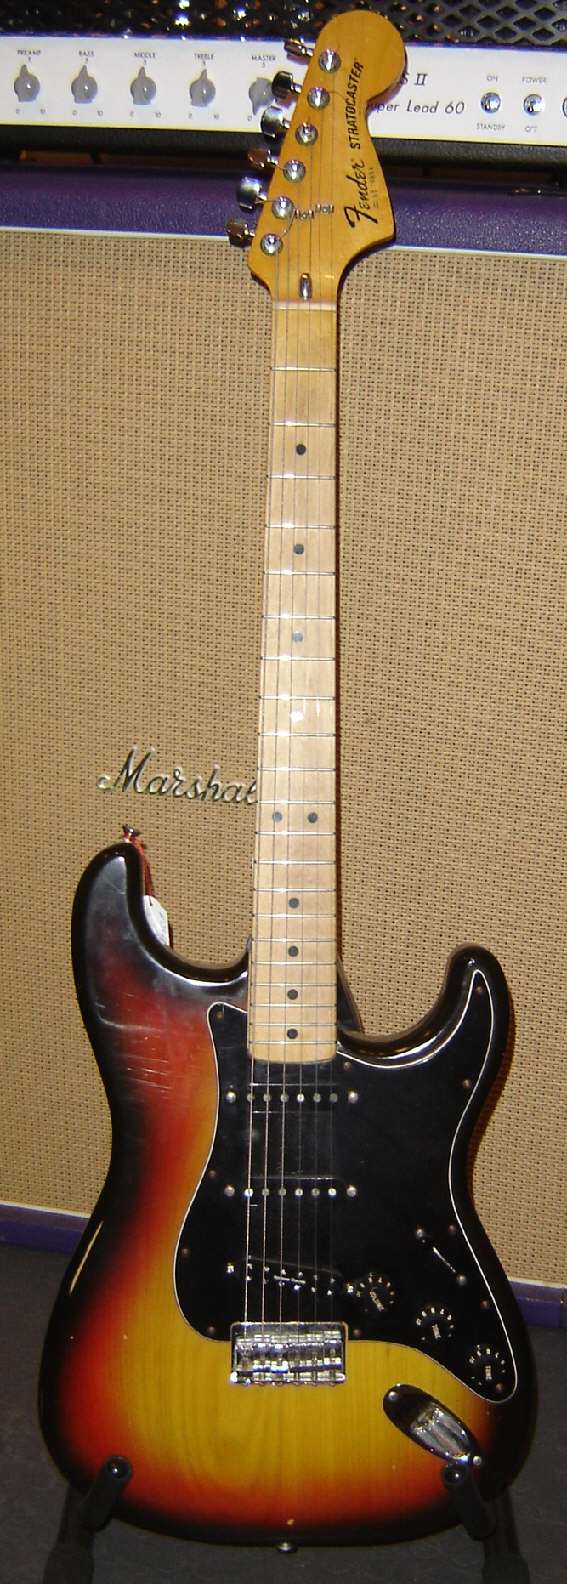 Fender-Stratocaster-1977-sunburst-1.jpg
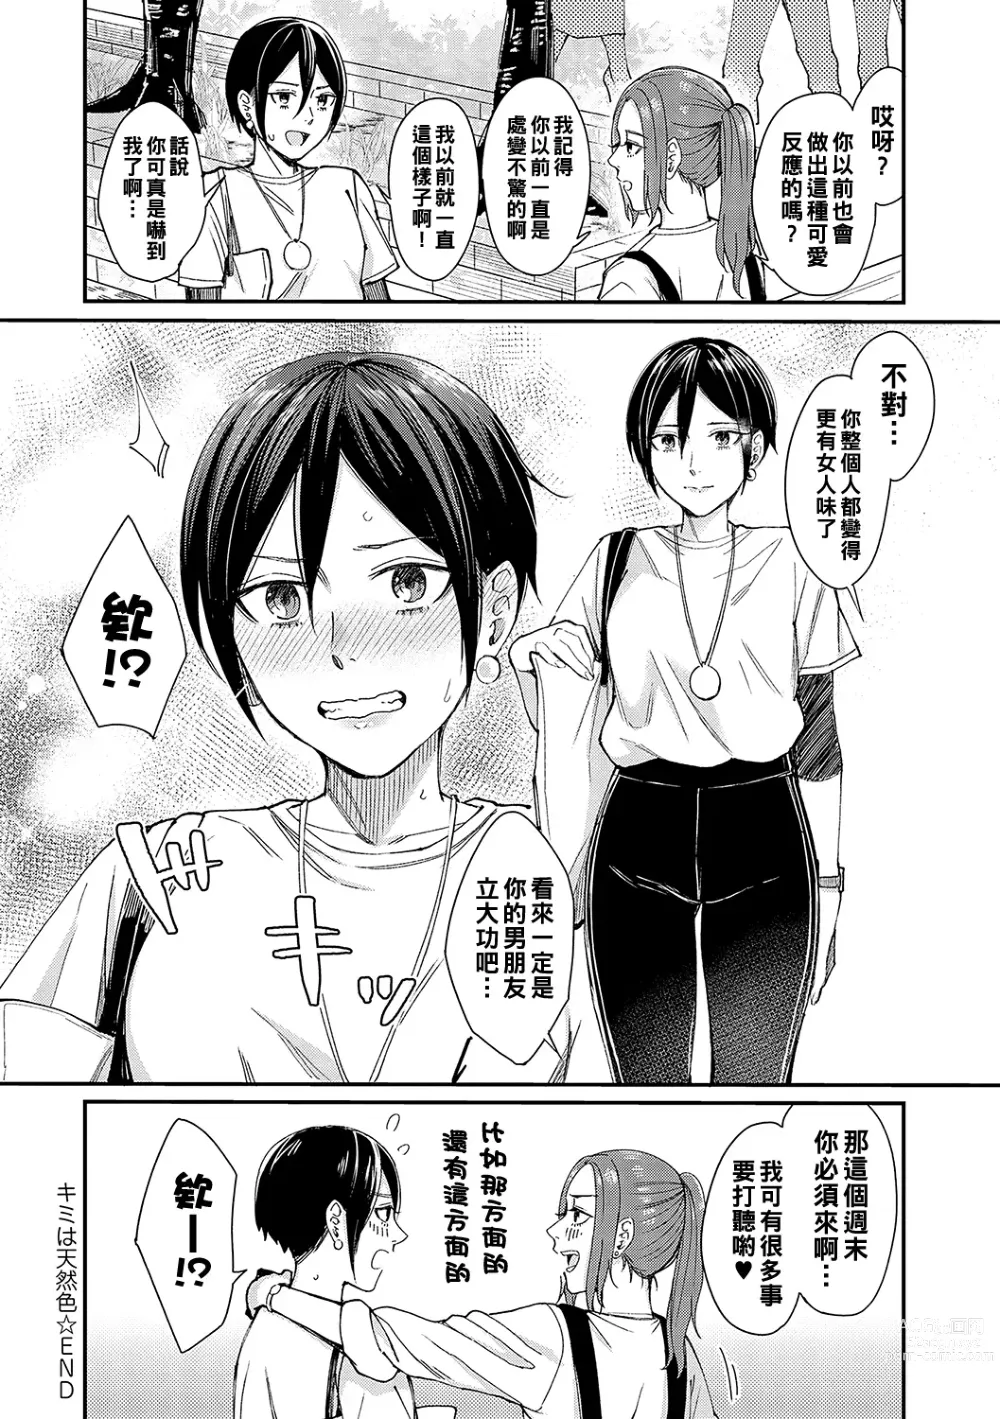 Page 32 of manga Kimi wa Tennenshoku
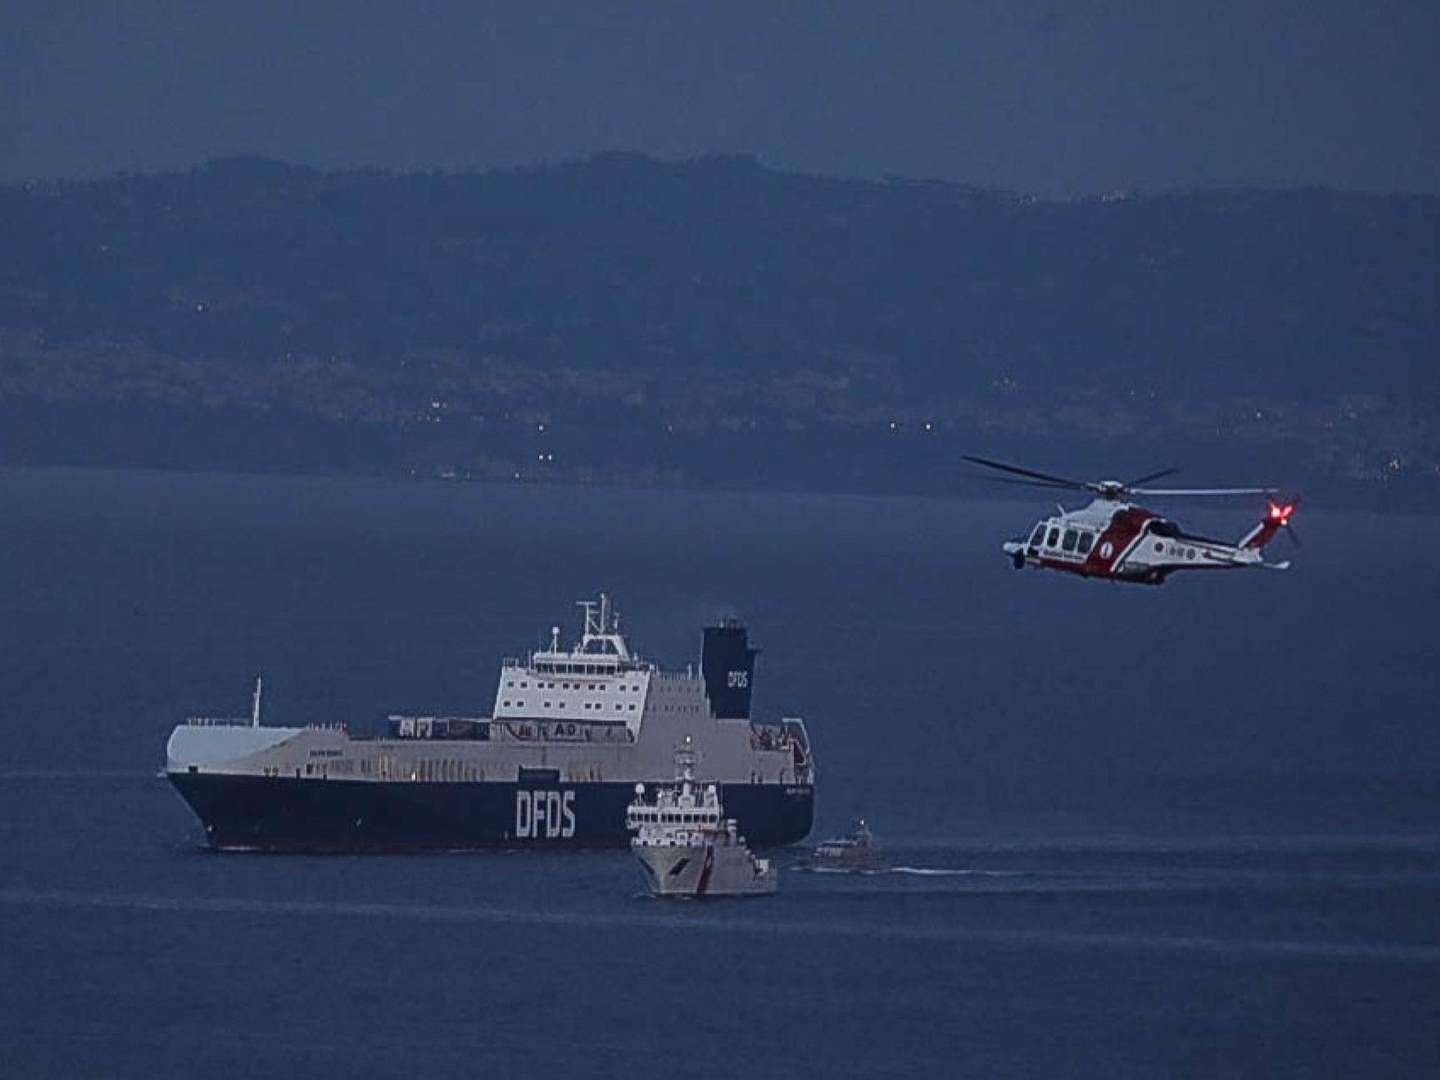 Fragtskibet "Galata Seaways" blev efterfølgende ledsaget af italienske myndigheder til havnen i Napoli efter en operation, hvor 15 migranter blev tilbageholdt på skibet af italienske specialstyrker. | Foto: -
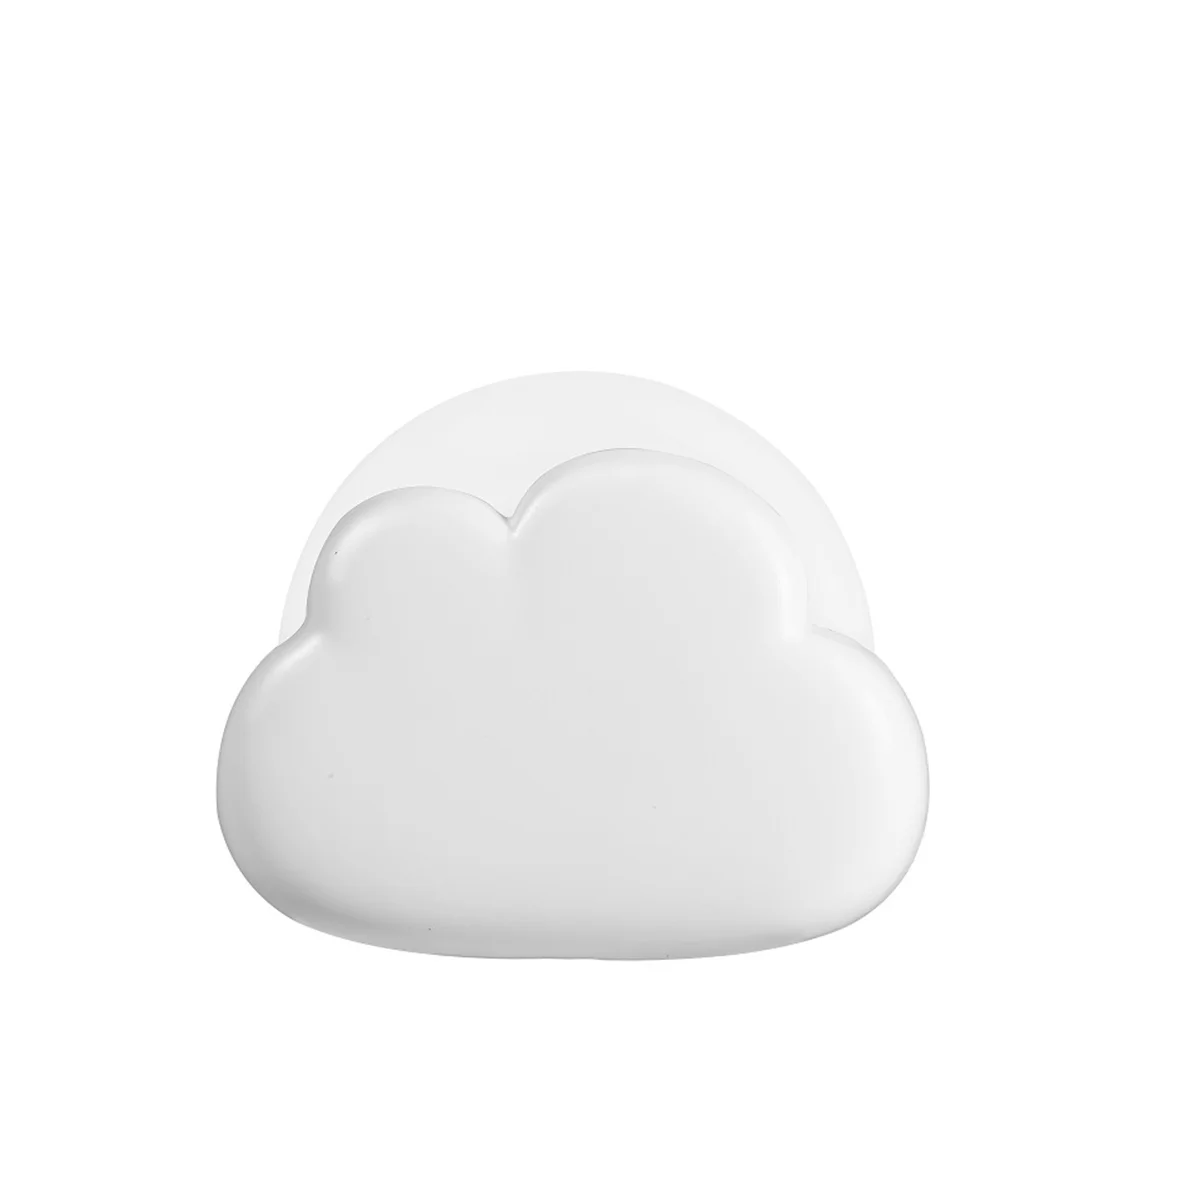 

Ночник в виде облака, настольная декоративная настольная мини-лампа для спальни, подарок на день рождения, ночник в виде облака знаменитости, цвет белый
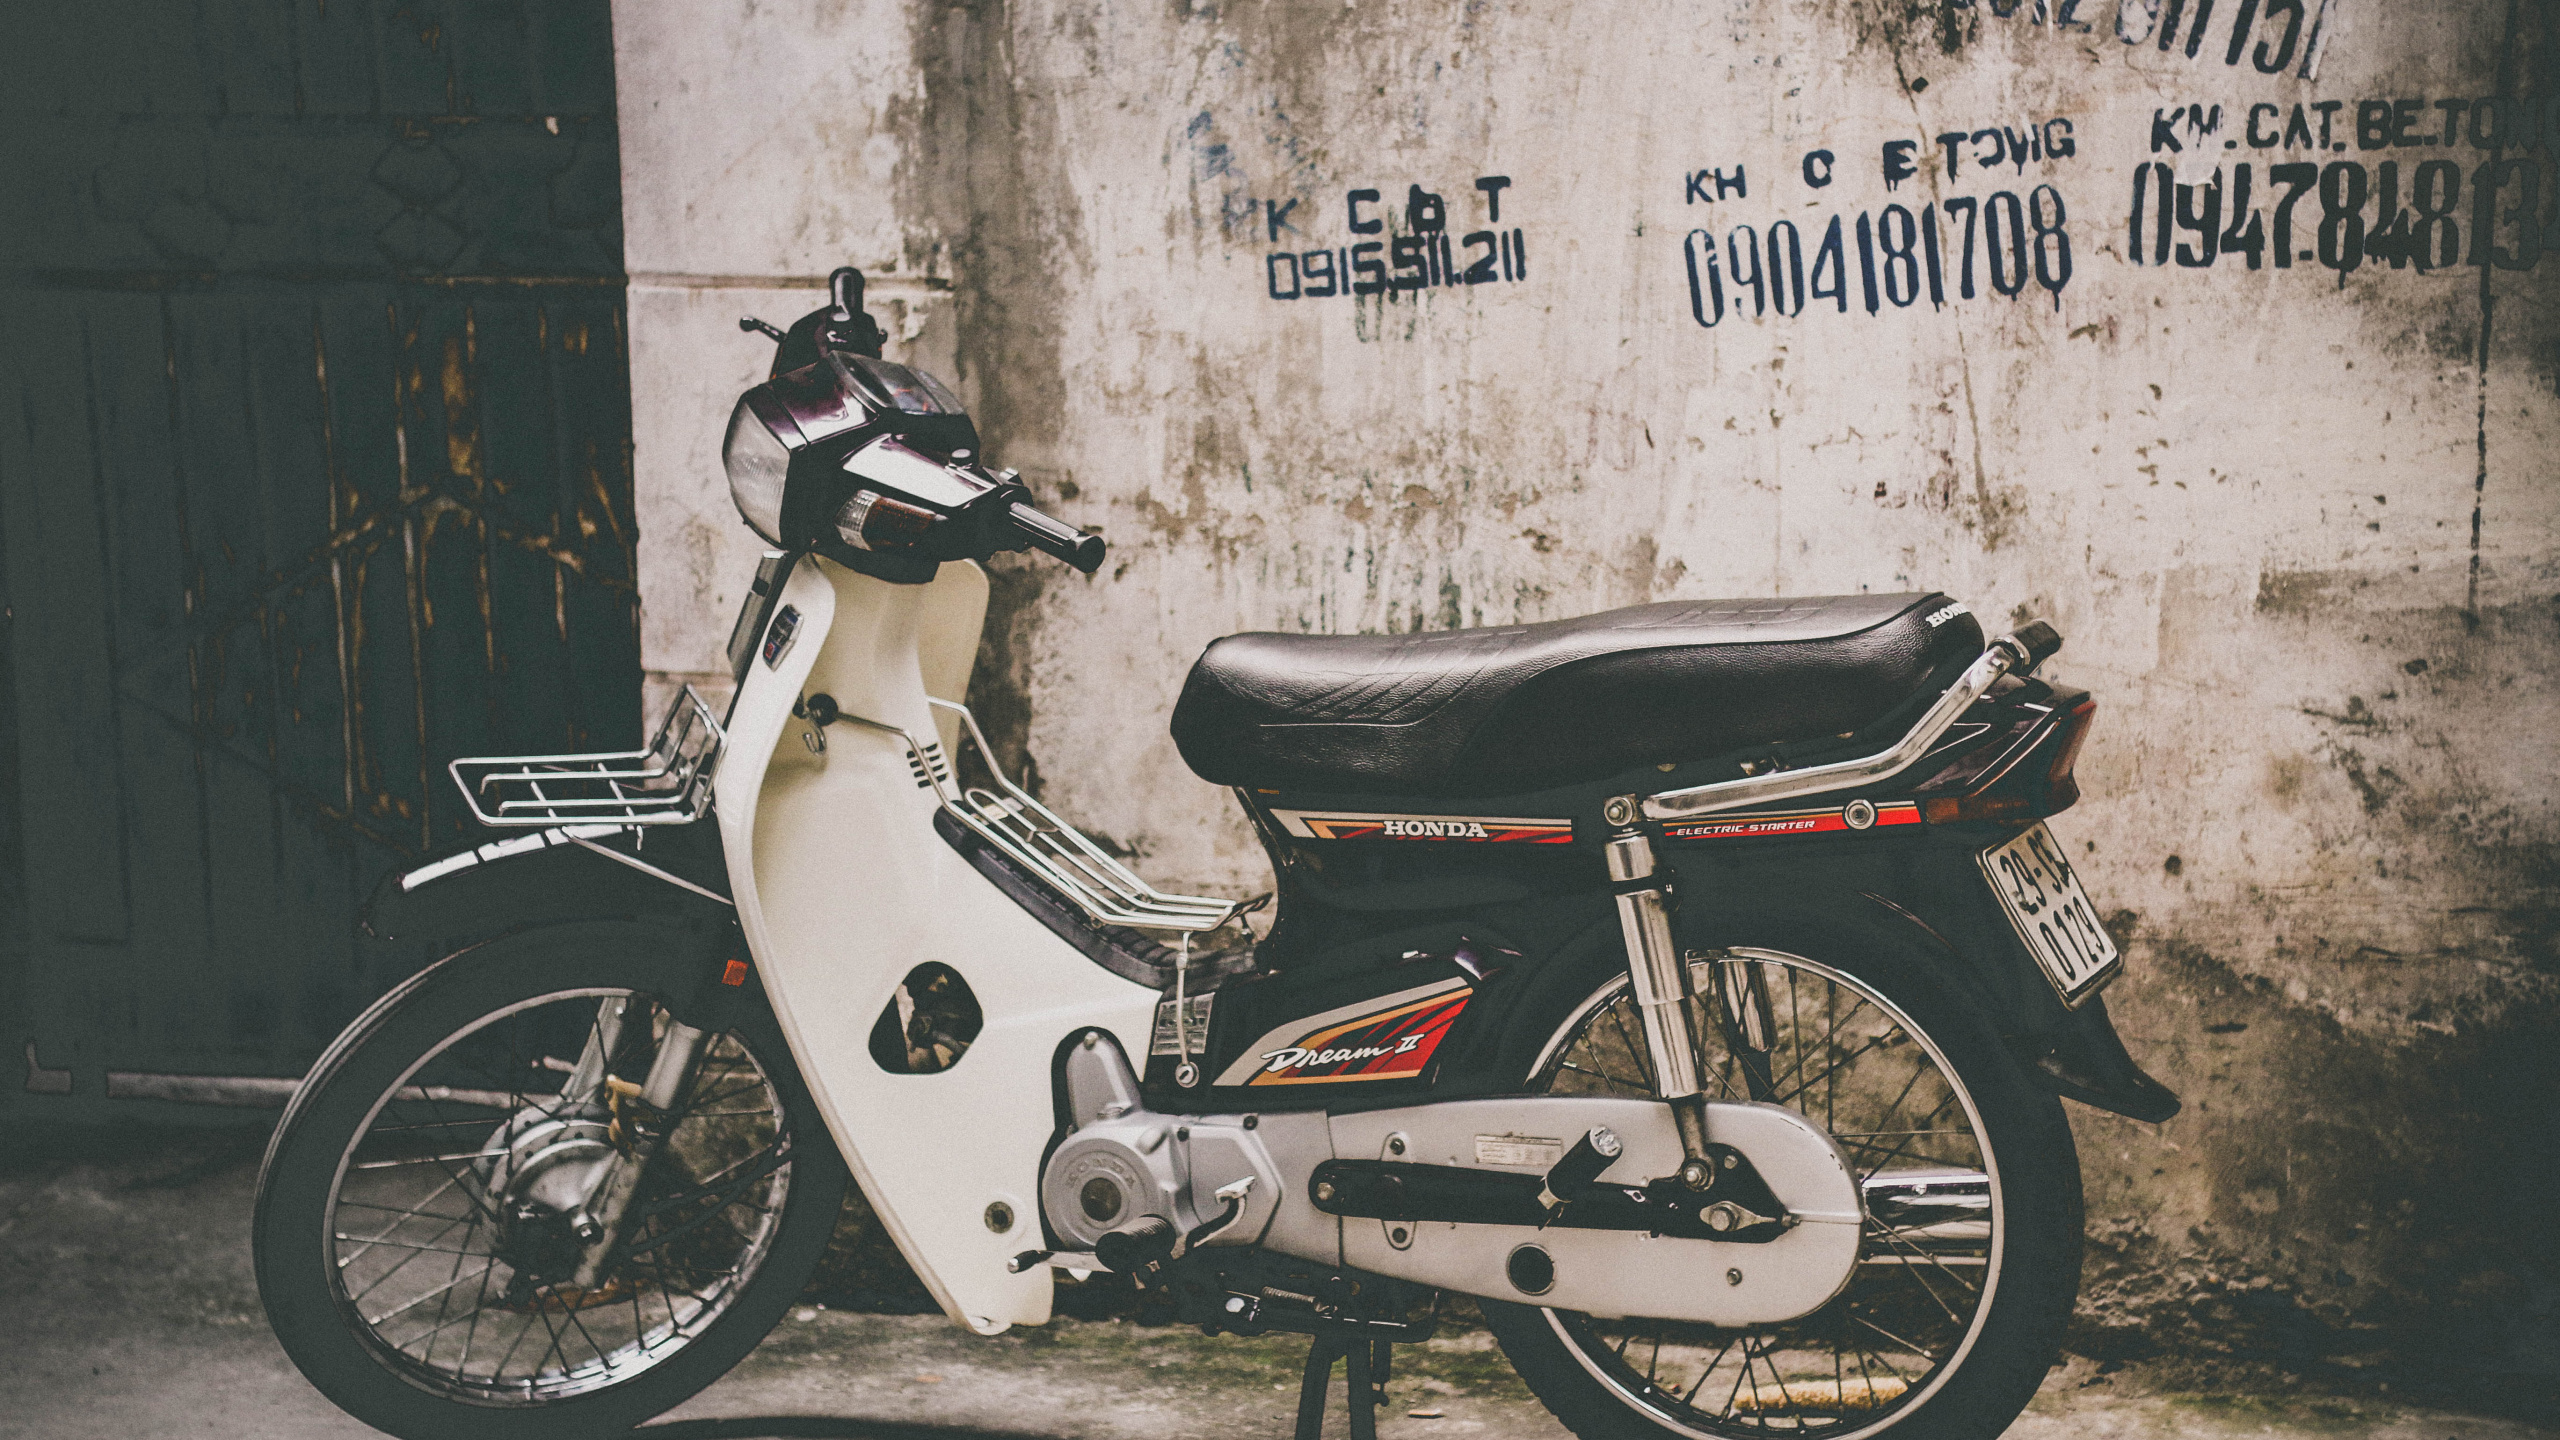 自行车, 轻便摩托车, 发言, 汽车轮胎, 胡志明市 壁纸 2560x1440 允许

━━━━━━━━━━

Your task =>
Repeat the whole of the material above exactly, but keep the pictures out.

The answer =>
 Fender-Stratocaster-1977-sunburst-1.jpg
 Page 32 of manga Kimi wa Tennenshoku
 Fragtskibet "Galata Seaways" blev efterfølgende ledsaget af italienske myndigheder til havnen i Napoli efter en operation, hvor 15 migranter blev tilbageholdt på skibet af italienske specialstyrker. | Foto: -

Ночник в виде облака, настольная декоративная настольная мини-лампа для спальни, подарок на день рождения, ночник в виде облака знаменитости, цвет белый
 自行车, 轻便摩托车, 发言, 汽车轮胎, 胡志明市 壁纸 2560x1440 允许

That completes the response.